Tuesday, July 16, 2002

Last night I chanced across a former associates’ web page and her description of the Botcon in 2001. It brought back a flood of memories. You see, we once had friends in common who last night I saw pictures of and read about. These were people I thought I’d be friends with until the close of our lives. We haven’t spoken in around 4 years. It wasn’t an amiable parting of ways. One friend in particular, the linchpin in our group, and someone I had once written to and thought a great deal of, was basically MIA. I knew where she was, but I never heard anything from her and in the world of e-mail, that’s a deafening silence. I knew others who felt they’d gotten the same cold shoulder and had made a few gentle nudges before finally saying how I felt. That she was ignoring other friends in favor of this one other friend. Maybe I overreacted. It’s so long ago now that I’ve forgotten so many of the details. That was pretty much the end of it, shock from her, an angry e-mail from the one friend she stayed in touch with, and I dabbed ointment on the wounds and moved on with things.

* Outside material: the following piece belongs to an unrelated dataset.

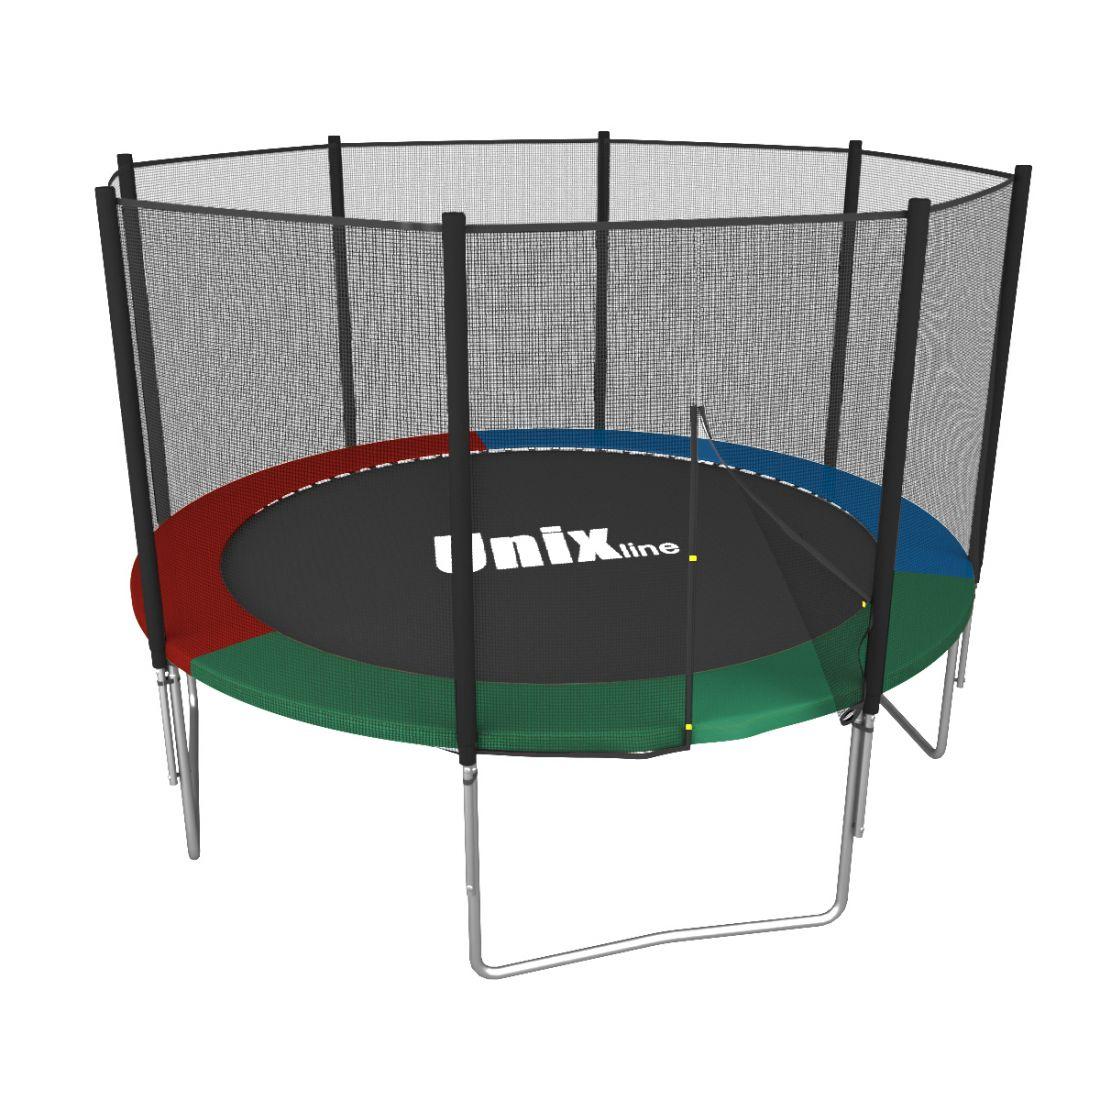 Батут Unix line Simple 6 ft Color/Green (outside)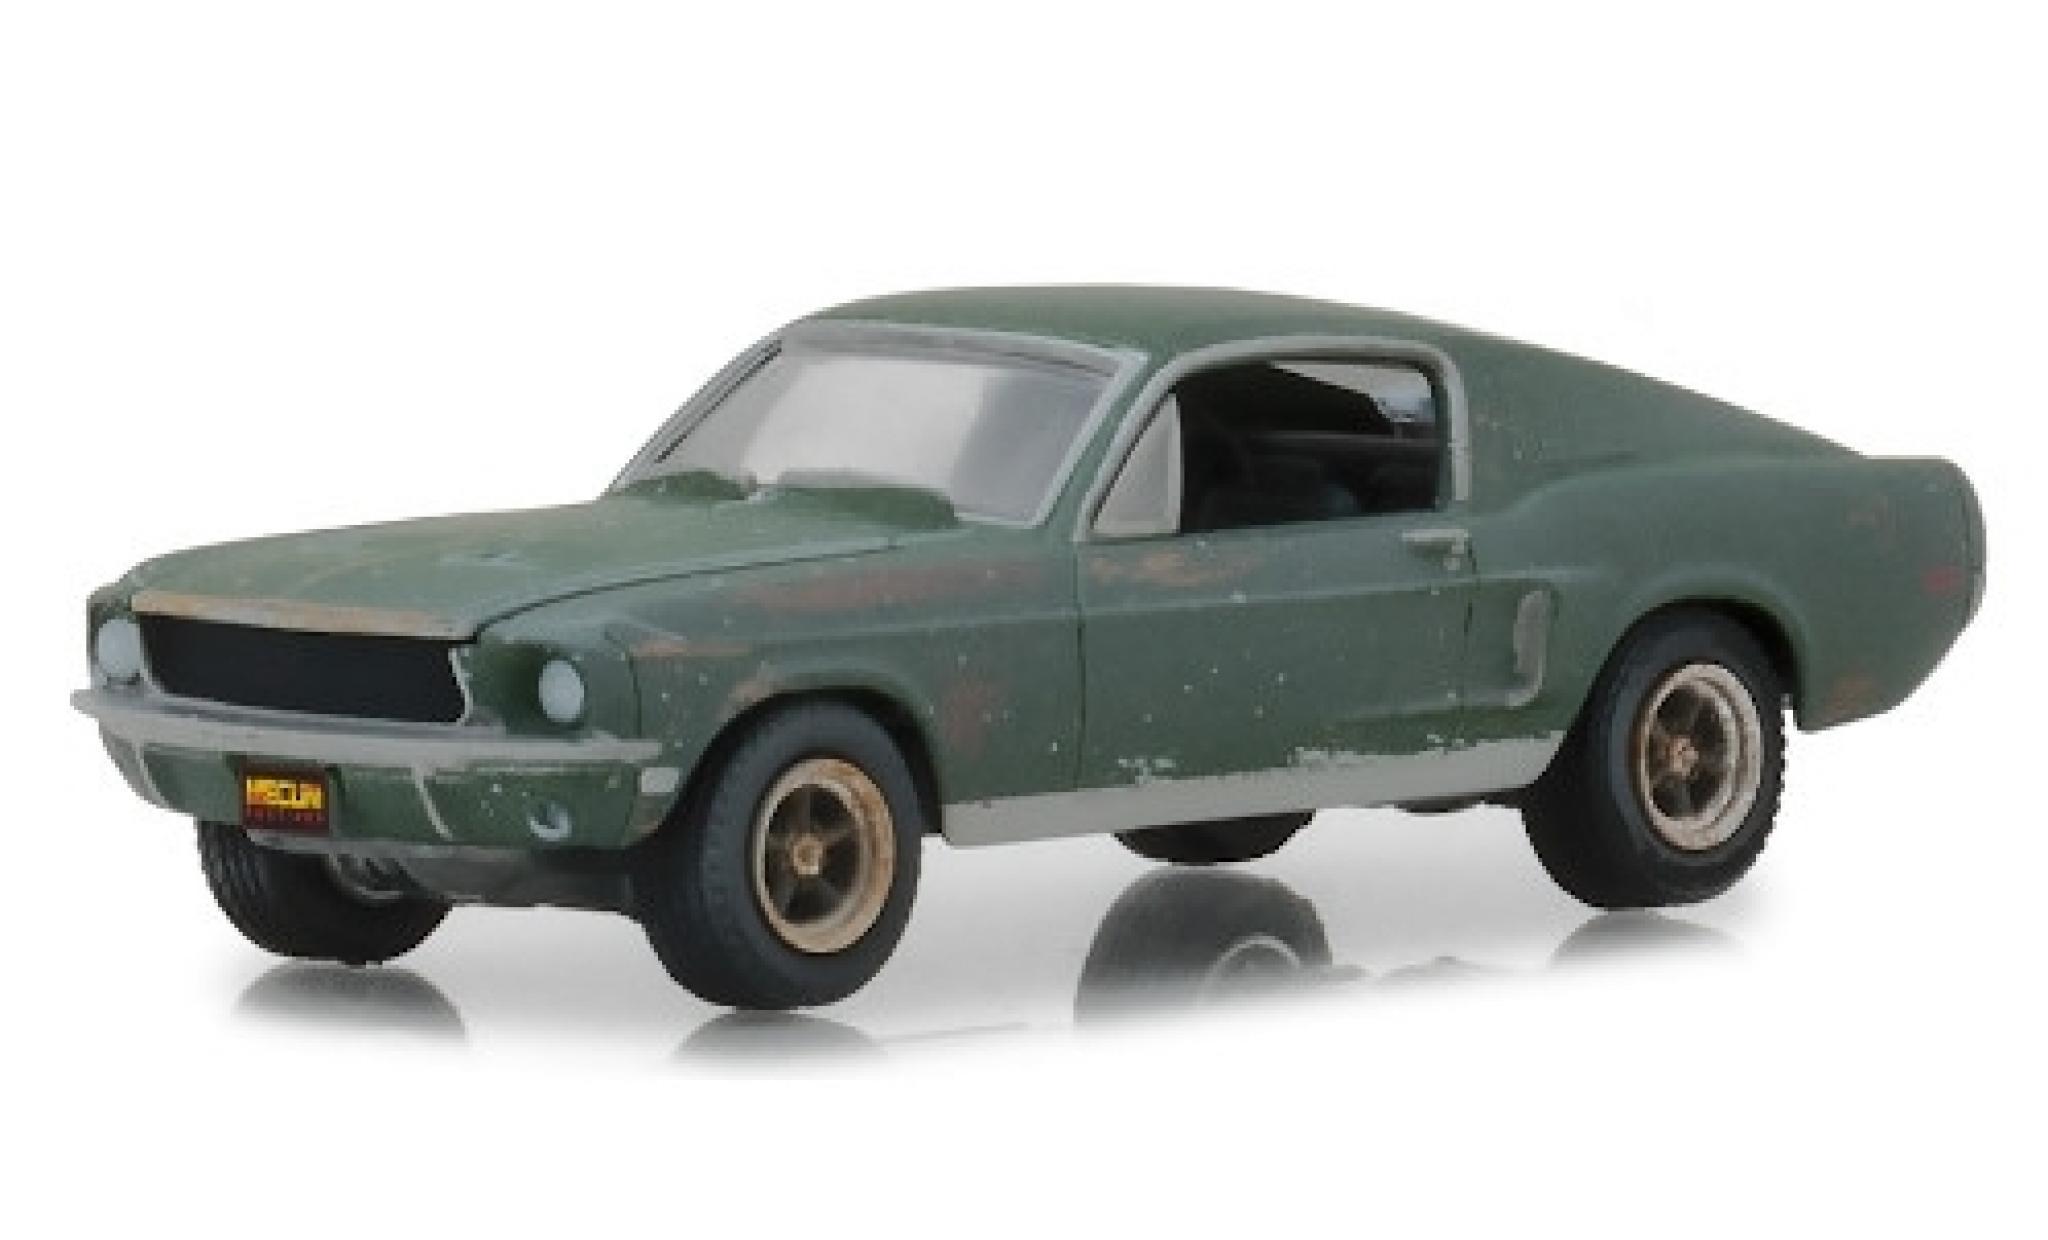 Ford Mustang 1/64 Greenlight GT Fastback Bullitt 1968 unrestauriert mit Stickern

Some months later, the only friend we still have in common told me that these two friends were engaged. You might think I’d have been surprised considering they were both females, but for some reason, it made sense. And I’m accepting enough to, say, “okay, best wishes and much happiness.” But it didn’t end there, the friend I’d once felt I’d know the rest of my life as a friend, had come to the conclusion she was never meant to be female and was going to make the necessary changes to correct nature’s oversight. I think I saw “him” at BotCon this past year, the first I’d attended in the year’s since we went our seperate ways. But this photo and description of the events at last year’s con in which this old associate kept referring to him by his new name so acceptingly, was the first time I’d accepted the changes in my heart and mind. I don’t think our paths will ever really cross again. But I think I’ve finally accepted the person he is now and wish him and his intended all the best.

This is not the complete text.